Abstract
Protein dimerization or oligomerization resulting from swapping part of the protein between neighboring polypeptide chains is known to play a key role in the regulation of protein function and in the formation of protein aggregates. Glutaredoxin-1 from Clostridium oremlandii (cGrx1) was used as a model to explore the formation of multiple domain-swapped conformations, which were made possible by modulating several hinge-loop residues that can form a pivot for domain swapping. Specifically, two alternative domain-swapped structures were generated and analyzed using nuclear magnetic resonance (NMR), X-ray crystallography, circular-dichroism spectroscopy and hydrogen/deuterium-exchange (HDX) mass spectrometry. The first domain-swapped structure (β3-swap) was formed by the hexameric cGrx1-cMsrA complex. The second domain-swapped structure (β1-swap) was formed by monothiol cGrx1 (C16S) alone.
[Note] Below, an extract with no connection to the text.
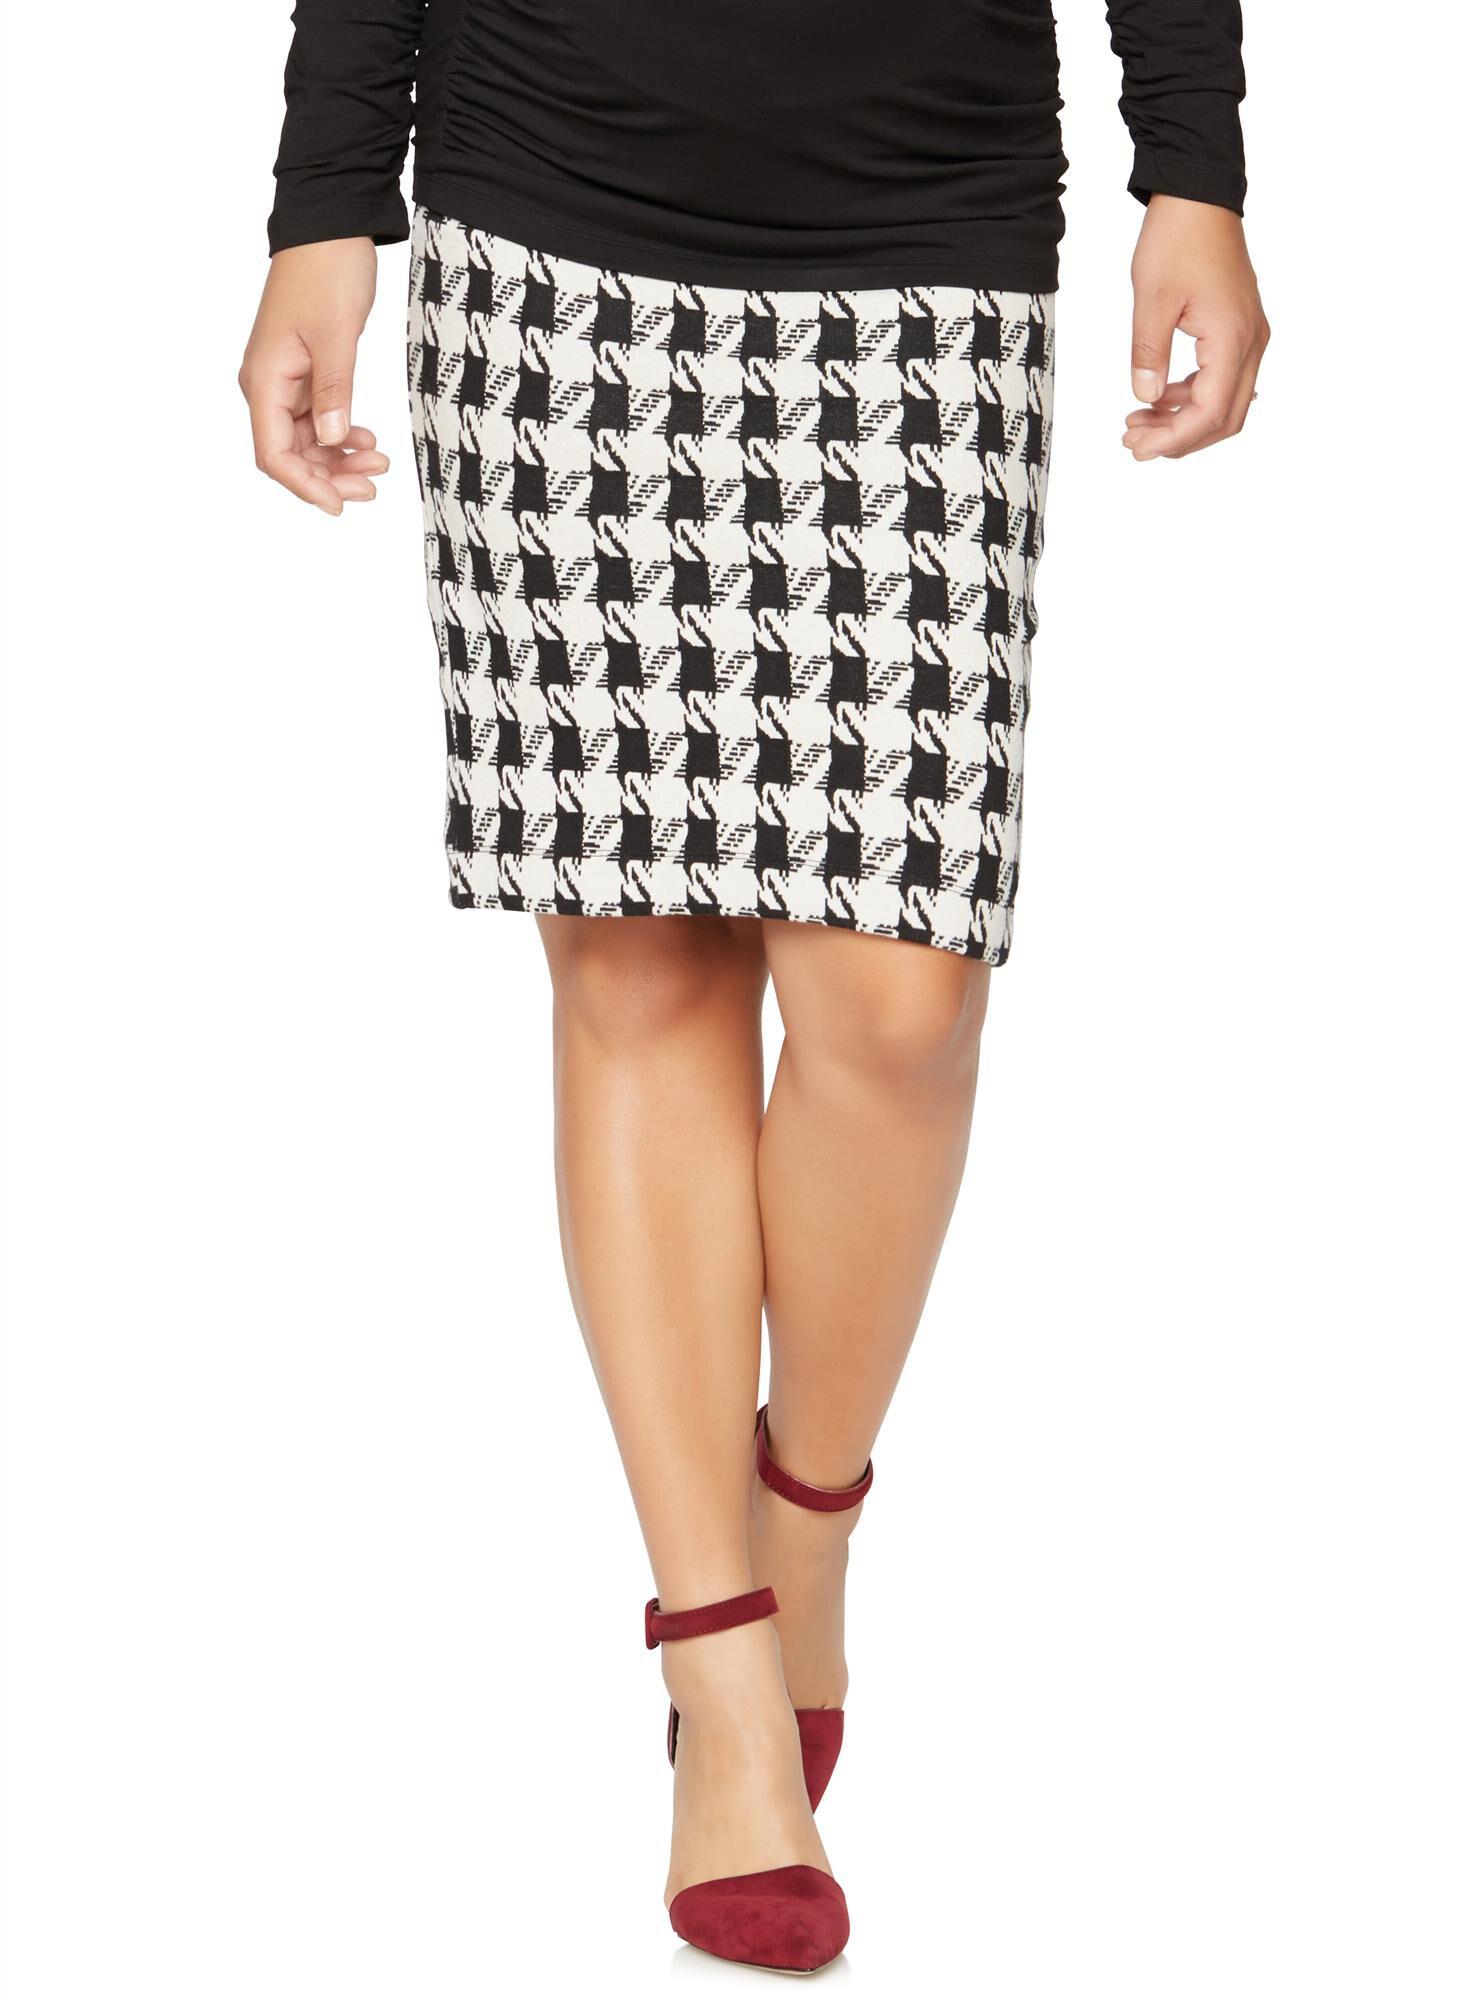 Isabella Oliver Houndstooth Maternity Skirt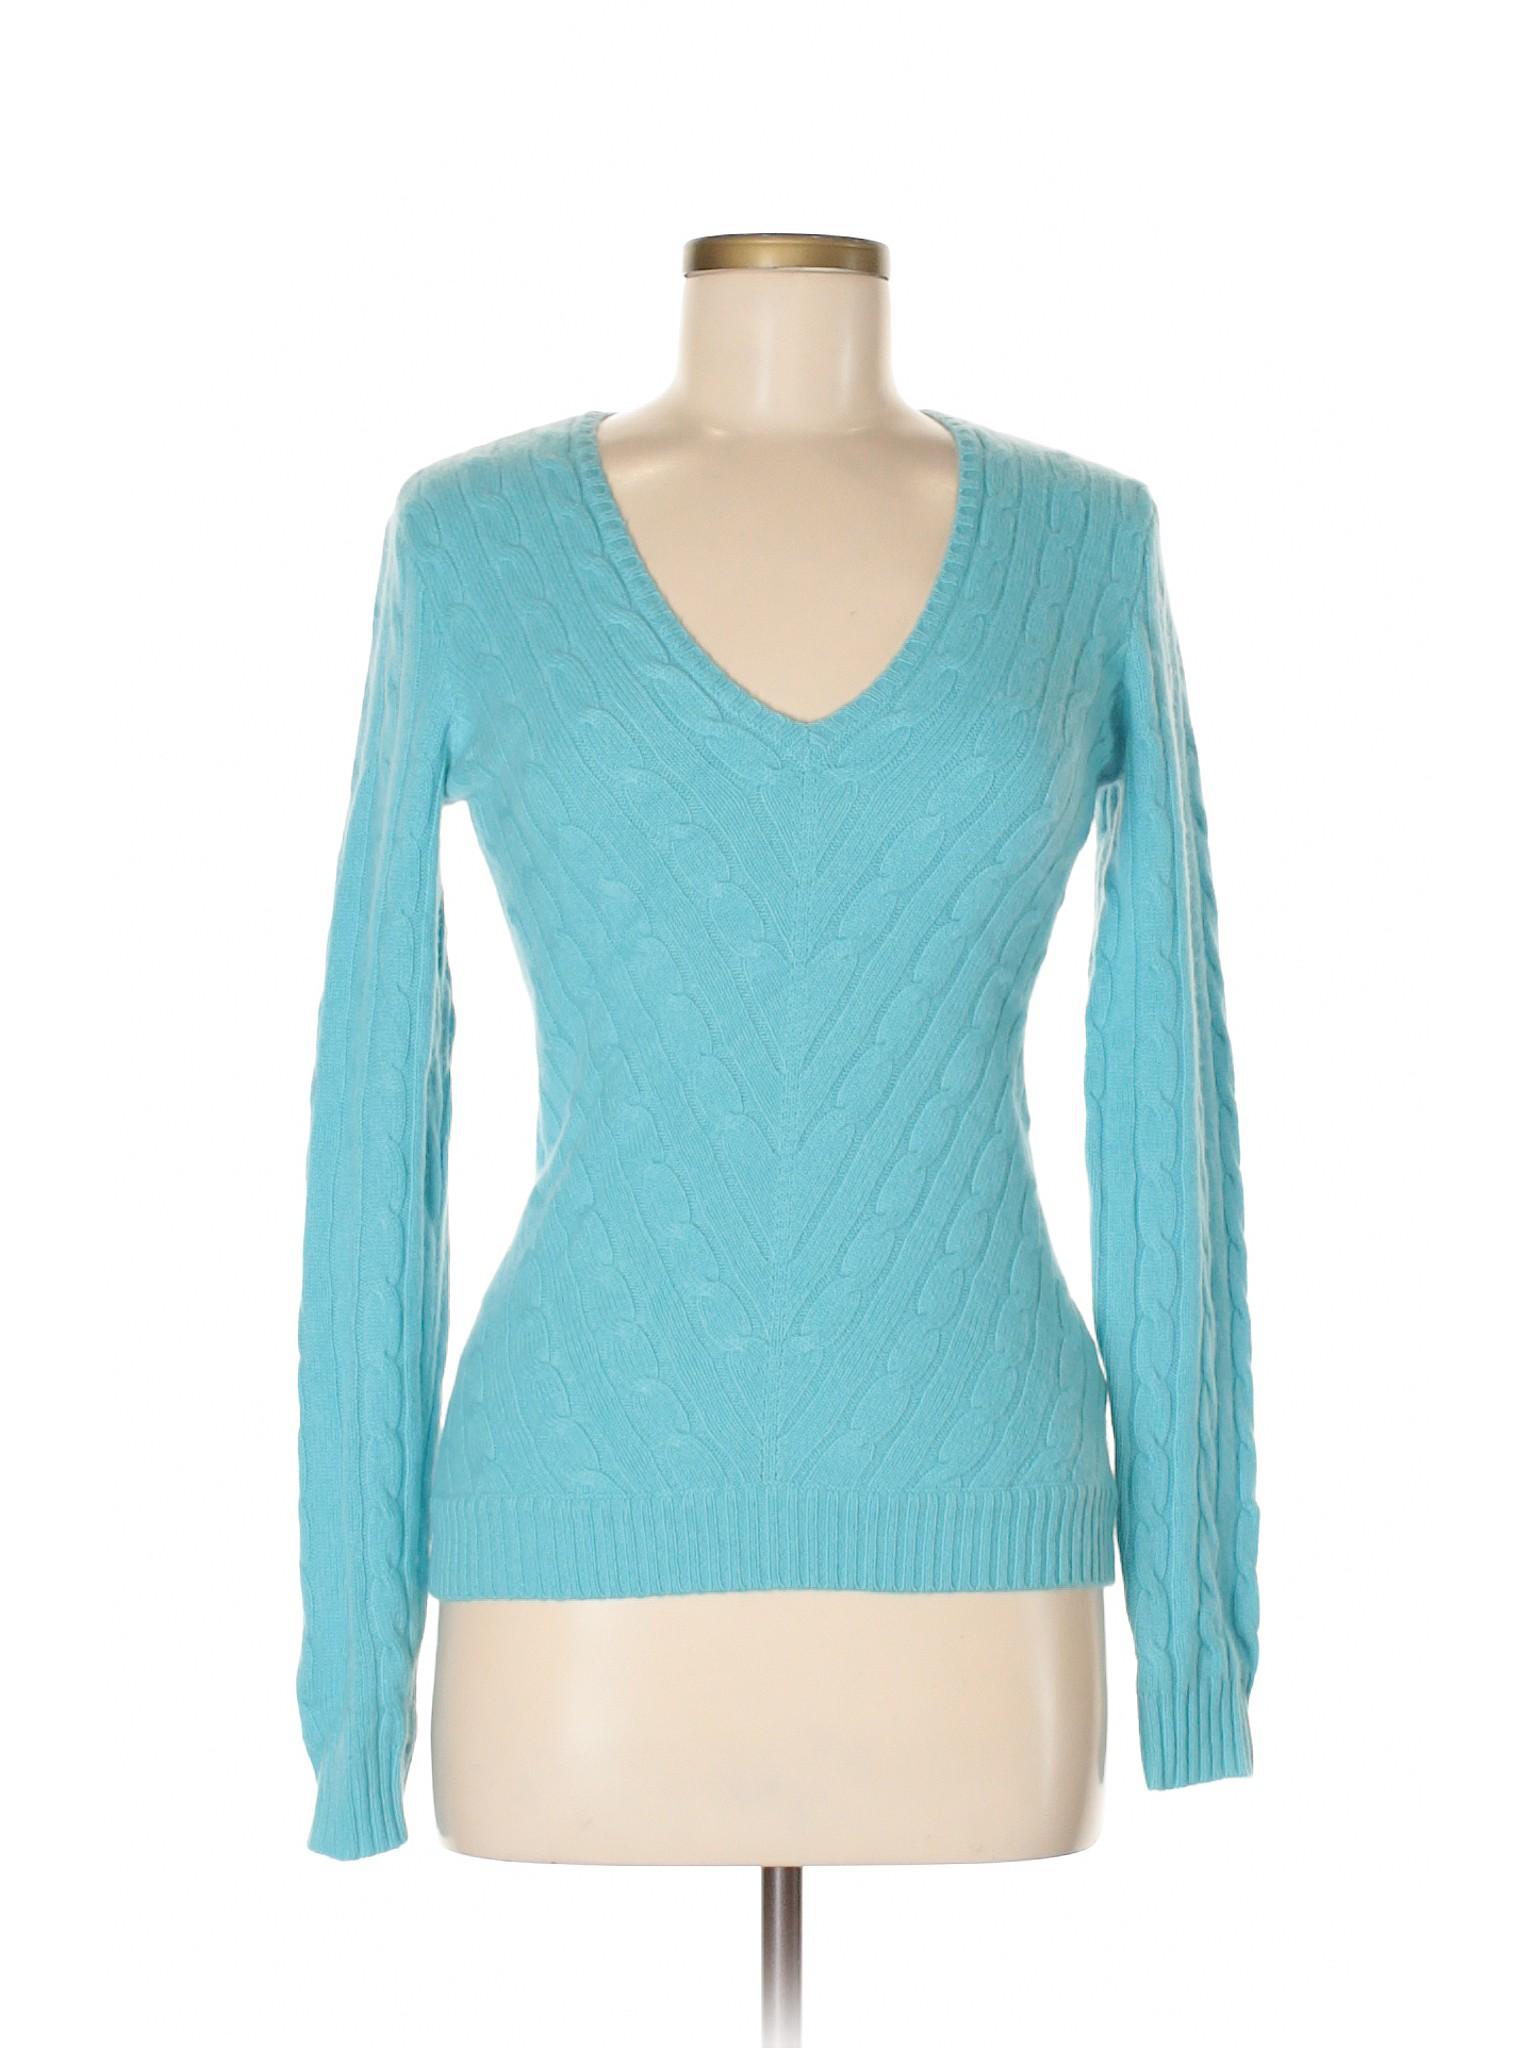 winter Boutique Lauren Cashmere Sweater Black Label Ralph Pullover AqaqwPdU

In summary, the first domain-swapped structure of an oxidoreductase in a hetero-oligomeric complex is presented. In particular, a single point mutation of a key cysteine residue to serine led to the formation of an intramolecular disulfide bond, as opposed to an intermolecular disulfide bond, and resulted in modulation of the underlying free-energy landscape of protein oligomerization.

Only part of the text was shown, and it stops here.